:: EXERCISE INSTRUCTIONS ::
Copy every line of the data exactly, keeping out any picture.

:: PROVIDED MATERIAL ::
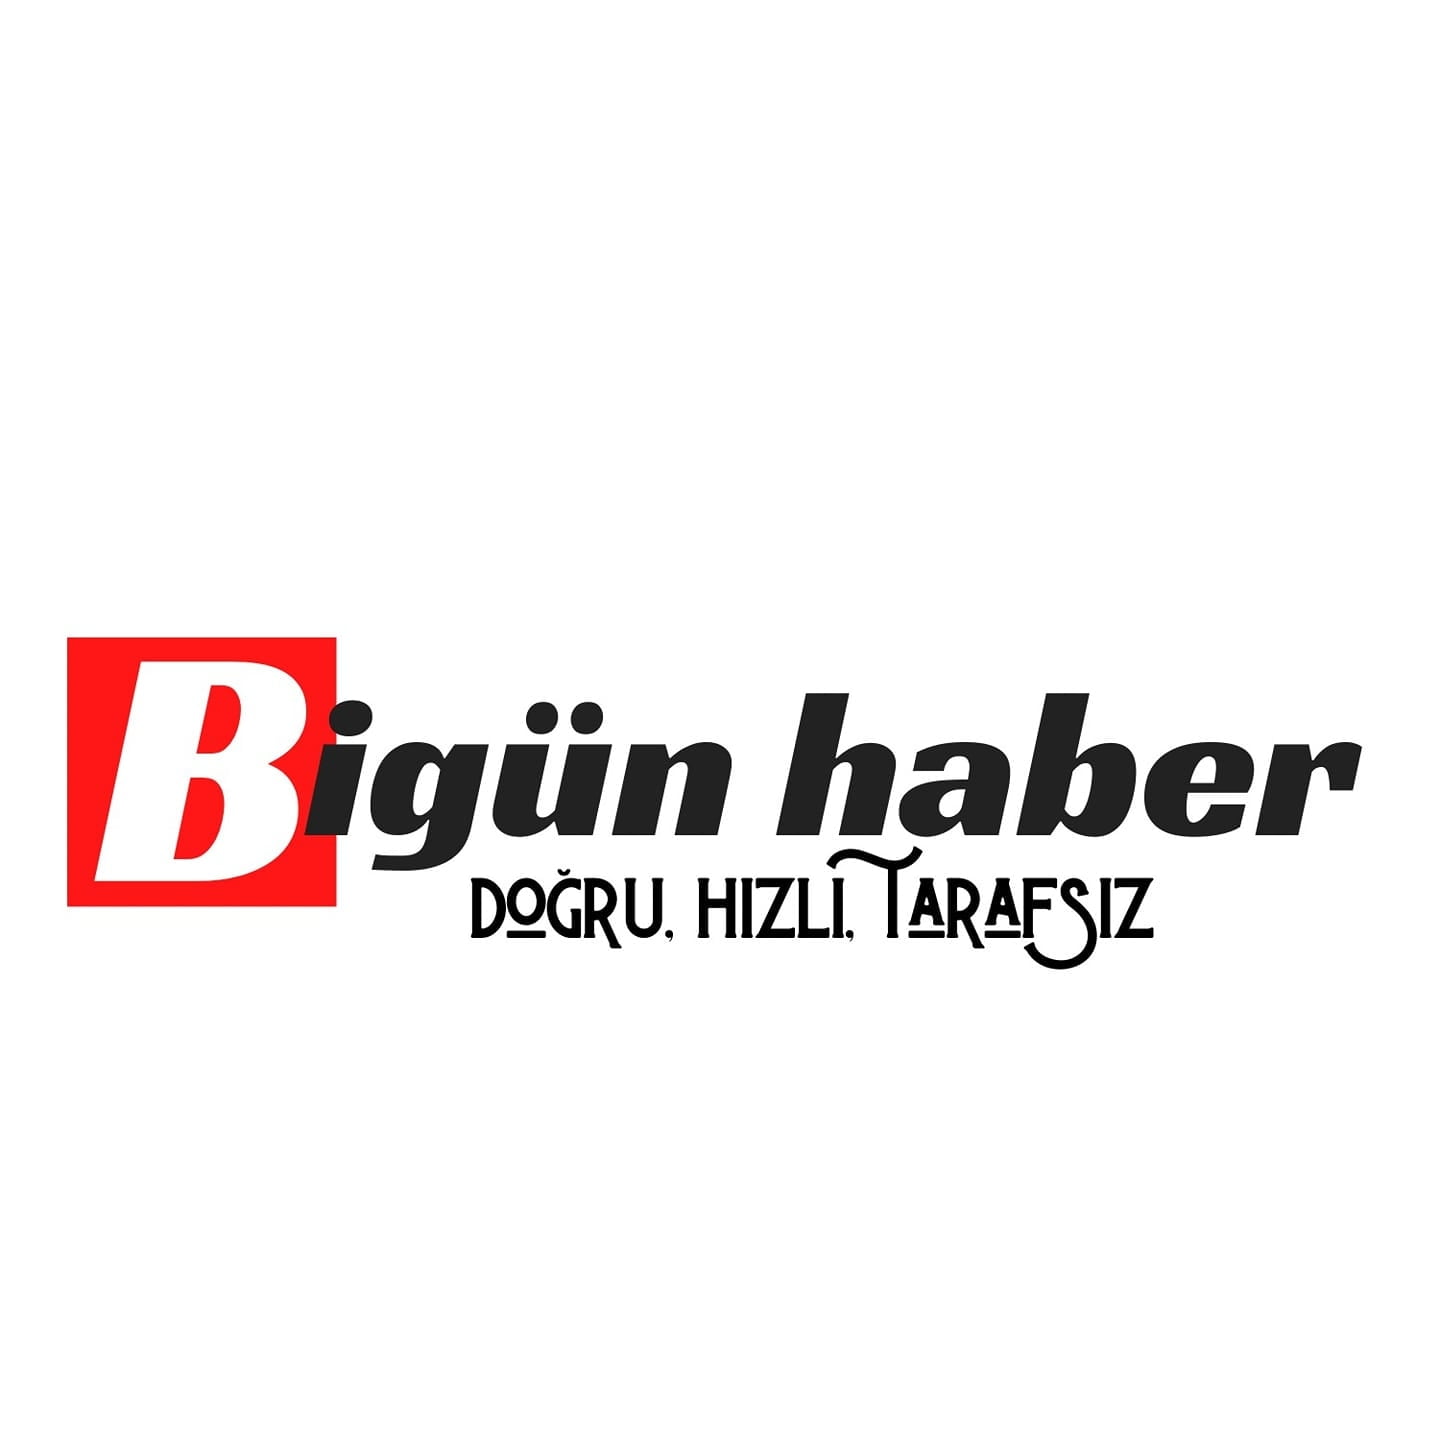 Habib Babar Azerbaycan’a demir attı
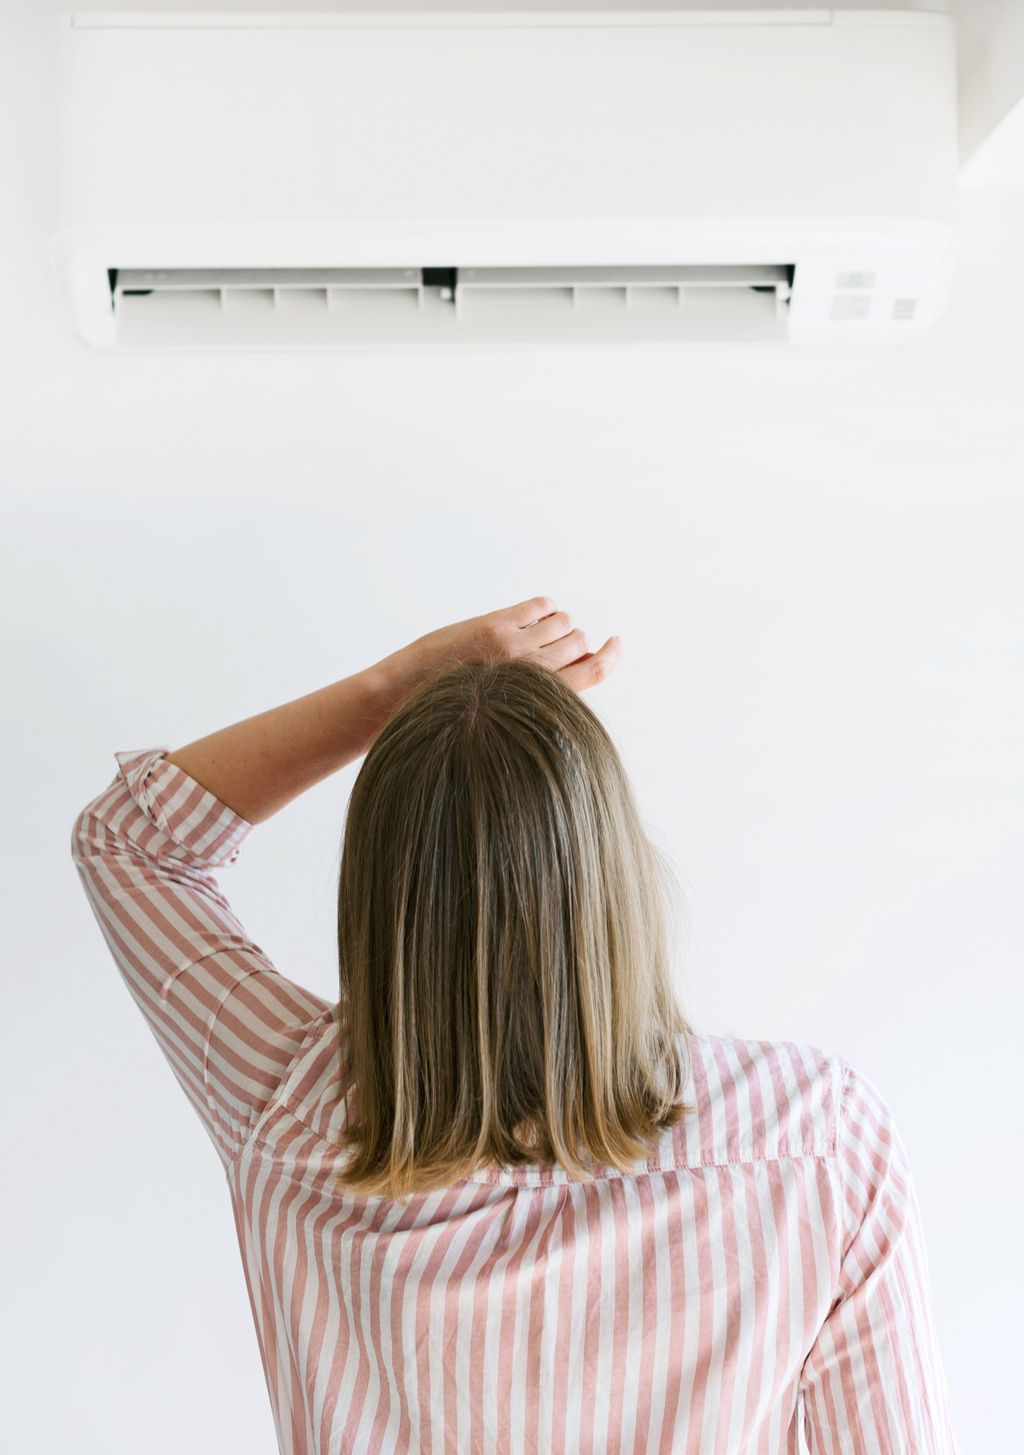 Vrouw met airconditioner manieren om de rekening van de airconditioning te verlagen
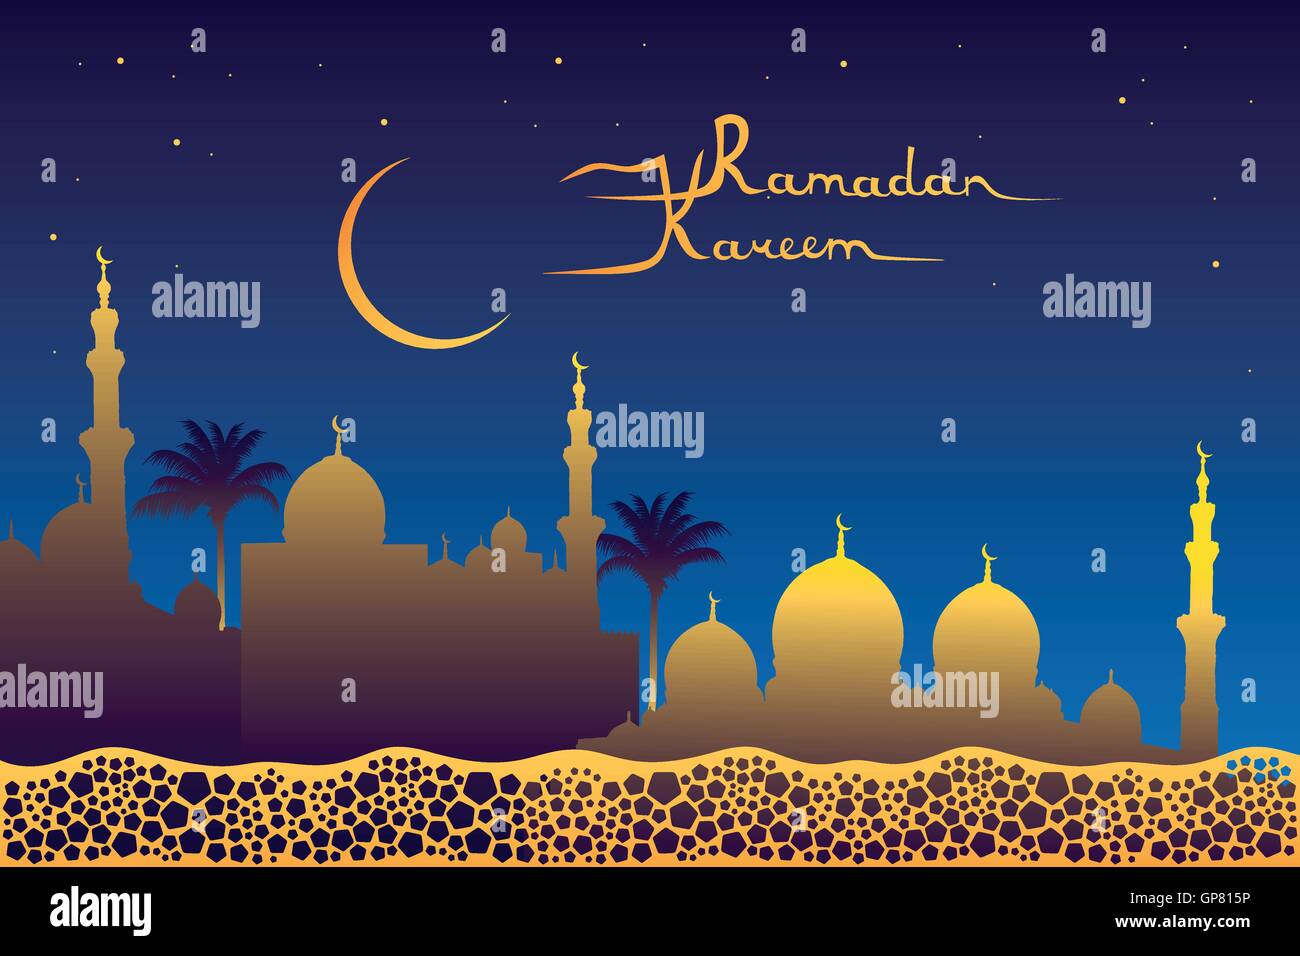 Il Ramadan kareem significato "Il Ramadan è generoso" messaggio, moschea dorata silhouette, luna e stelle del cielo notturno e pentagoni patte Illustrazione Vettoriale

:: ANSWER BELOW ::
 Habib Babar Azerbaycan’a demir attı
 Vrouw met airconditioner manieren om de rekening van de airconditioning te verlagen
 Il Ramadan kareem significato "Il Ramadan è generoso" messaggio, moschea dorata silhouette, luna e stelle del cielo notturno e pentagoni patte Illustrazione Vettoriale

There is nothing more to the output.